Here are the four versions of LOTP. The top row gives expressions for `$P(X = x)$`, while the bottom row gives expressions for `$f_X(x)$`.

`$$\small{\begin{array}{|c|c|c|}
\hline
& \textbf{Y discrete} & \textbf{Y continuous} \\
\hline
\textbf{X discrete} & \sum_y P(X = x | Y = y) P(Y = y) & \int_{-\infty}^{\infty} P(X = x | Y = y) f_Y(y) dy \\
\hline
\textbf{X continuous} & \sum_y f_X(x | Y = y) P(Y = y) & \int_{-\infty}^{\infty} f_{X|Y}(x|y) f_Y(y) dy \\
\hline
\end{array}}$$`

---

### 2D Lotus

Like its 1D counterpart, 2D LOTUS saves us from having to find the distribution of `$g(X,Y)$` in order to calculate its expectation. Instead, having the joint PMF or joint PDF of X and Y is enough.

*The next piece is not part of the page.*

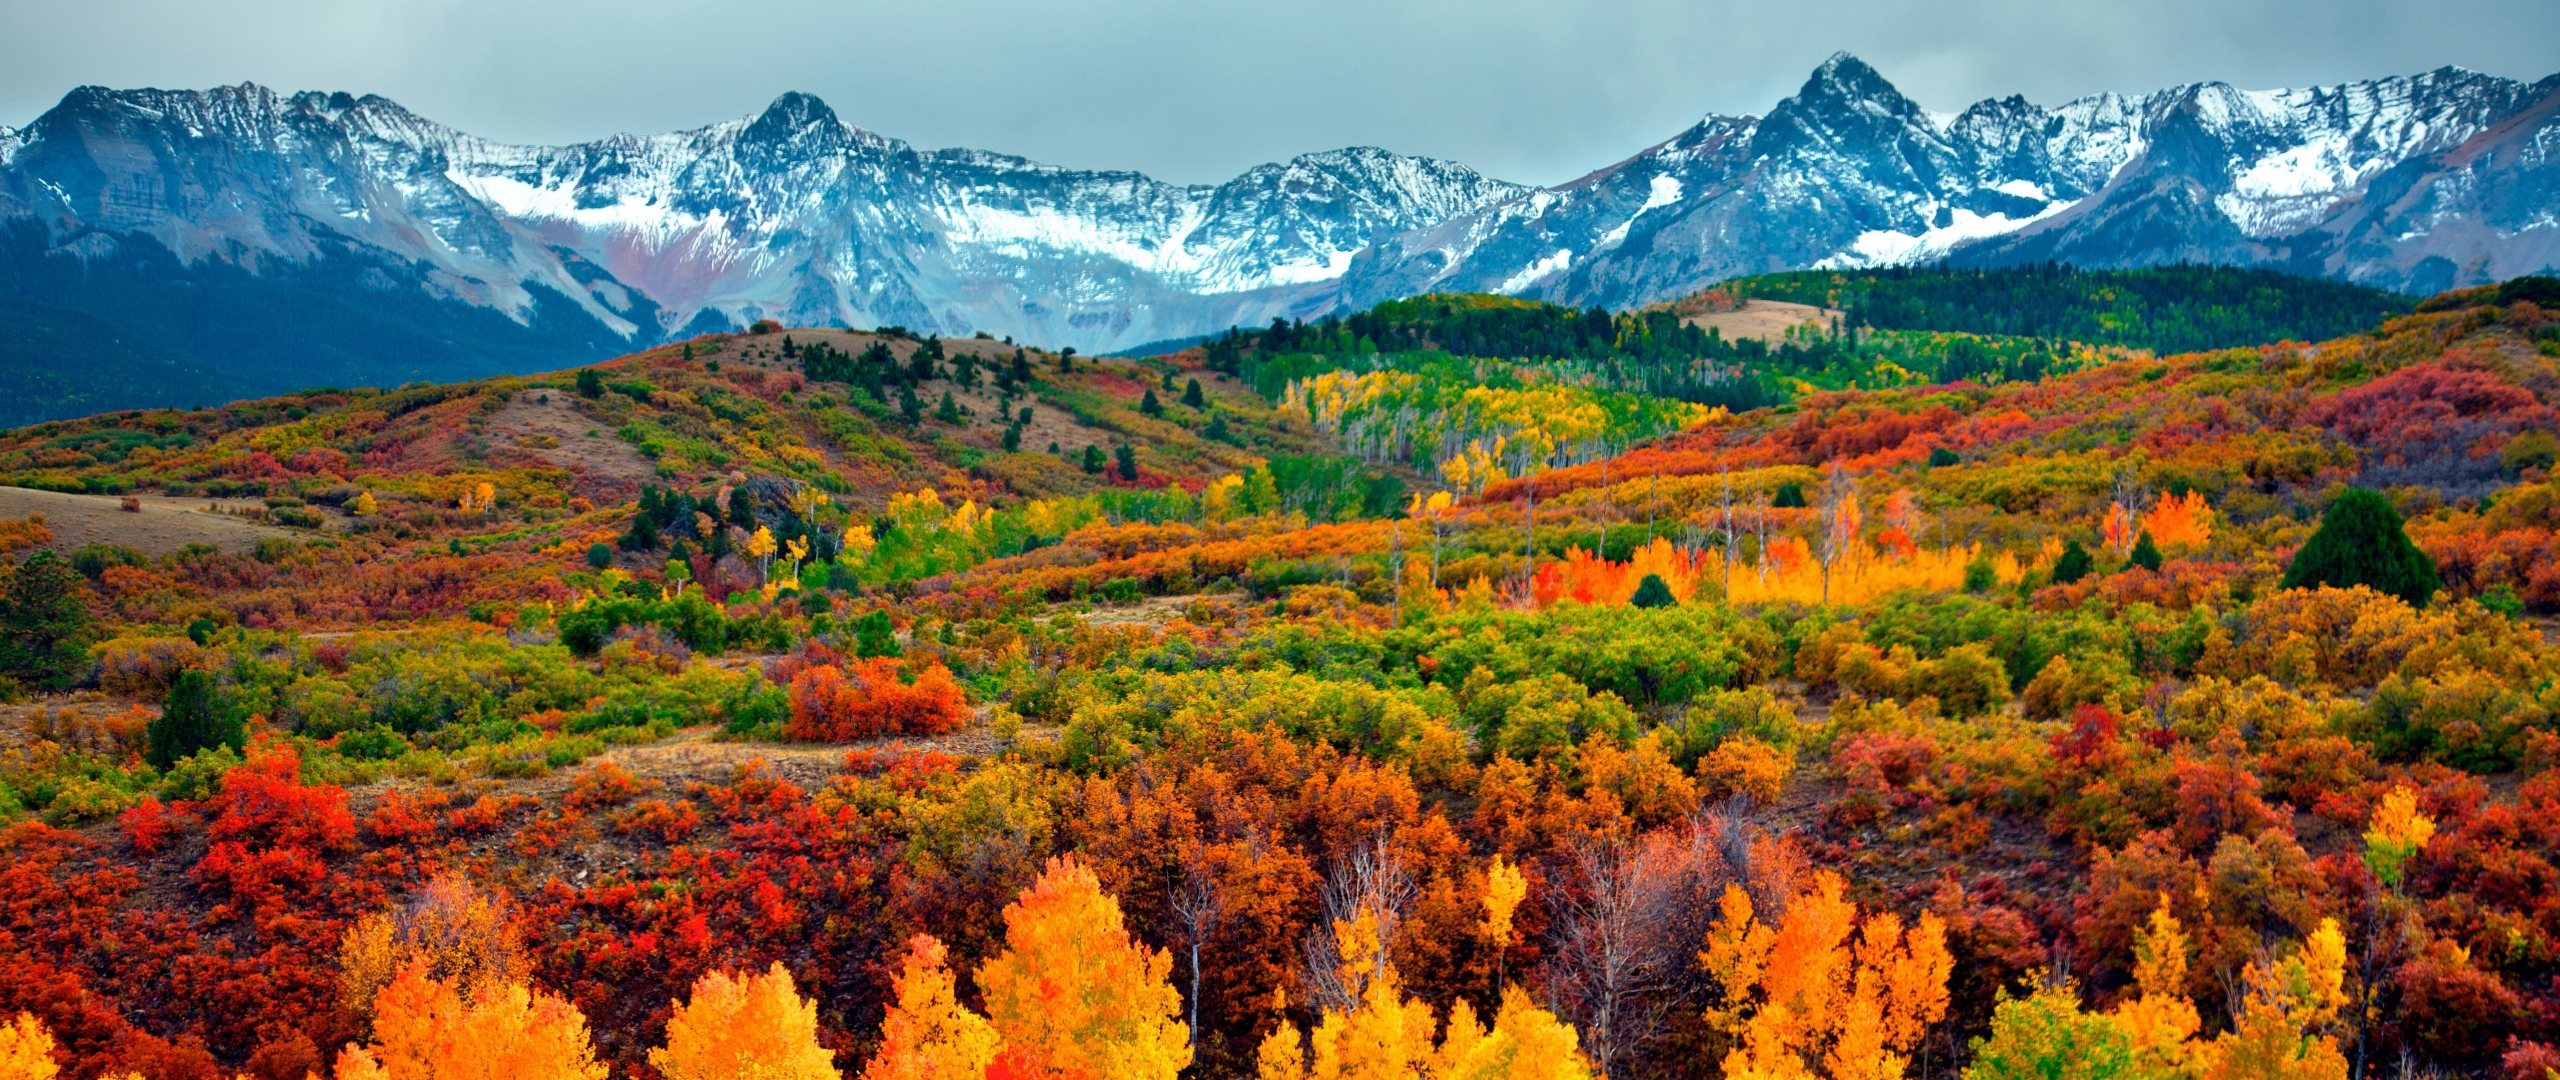 Colorado Fall Colors 2018 2560x1080 Wallpaper teahub.io

.theorem-box[Let g be a function from `$\mathbb{R}^2$` to `$\mathbb{R}$`. If `$X$` and `$Y$` are discrete, then:
** `$$E(g(X,Y)) = \sum_x\sum_y g(x,y) P(X=x,Y=y).$$` **
If `$X$` and `$Y$` are continuous with joint PDF `$f_{X,Y}$` then:
** `$$E(g(X,Y)) = \int^{\infty}_{-\infty}\int^{\infty}_{-\infty} g(x,y)f_{X,Y}(x,y)dxdy.$$` **
]

---

---

### Additional Practice Problems

**1.** Consider two r.v.s `$X$` and `$Y$` with joint PMF given by:

|       | X = 0  | X = 1  |
| ----- |:------:| ------:|
| Y = 0 | 1/6    | 1/8    |
| Y = 1 | 1/4    | 1/6    |
| Y = 2 | 1/8    | 1/6    |

a. Find `$P(X =0, Y \leq 1)$`.      
b. Find the marginal PMF of `$Y$`, `$P(Y =y)$`.      
c. Find `$P(Y = 1  | X = 0)$`.    
d. Are `$X$` and  `$Y$` independent?      
**2.** Suppose that `$X$` and `$Y$` have a continuous joint distribution for which the joint PDF is defined as follows:
`$$f(x, y)= \begin{cases}c y^2 & \text { for } 0 \leq x \leq 2 \text{ and }  0 \leq y \leq 1\\ 0 & \text { otherwise }\end{cases}$$`
Determine (a) the value of the constant `$c$`;      
(b) `$\operatorname{P}(X+Y>$` 2); (c) `$\operatorname{P}(Y<1 / 2)$`; (d) `$\operatorname{P}(X \leq 1)$`.       
**3.** Let `$X$` and `$Y$` be iid Unif(0,1) r.v.s. Find `$E(|X-Y|)$`.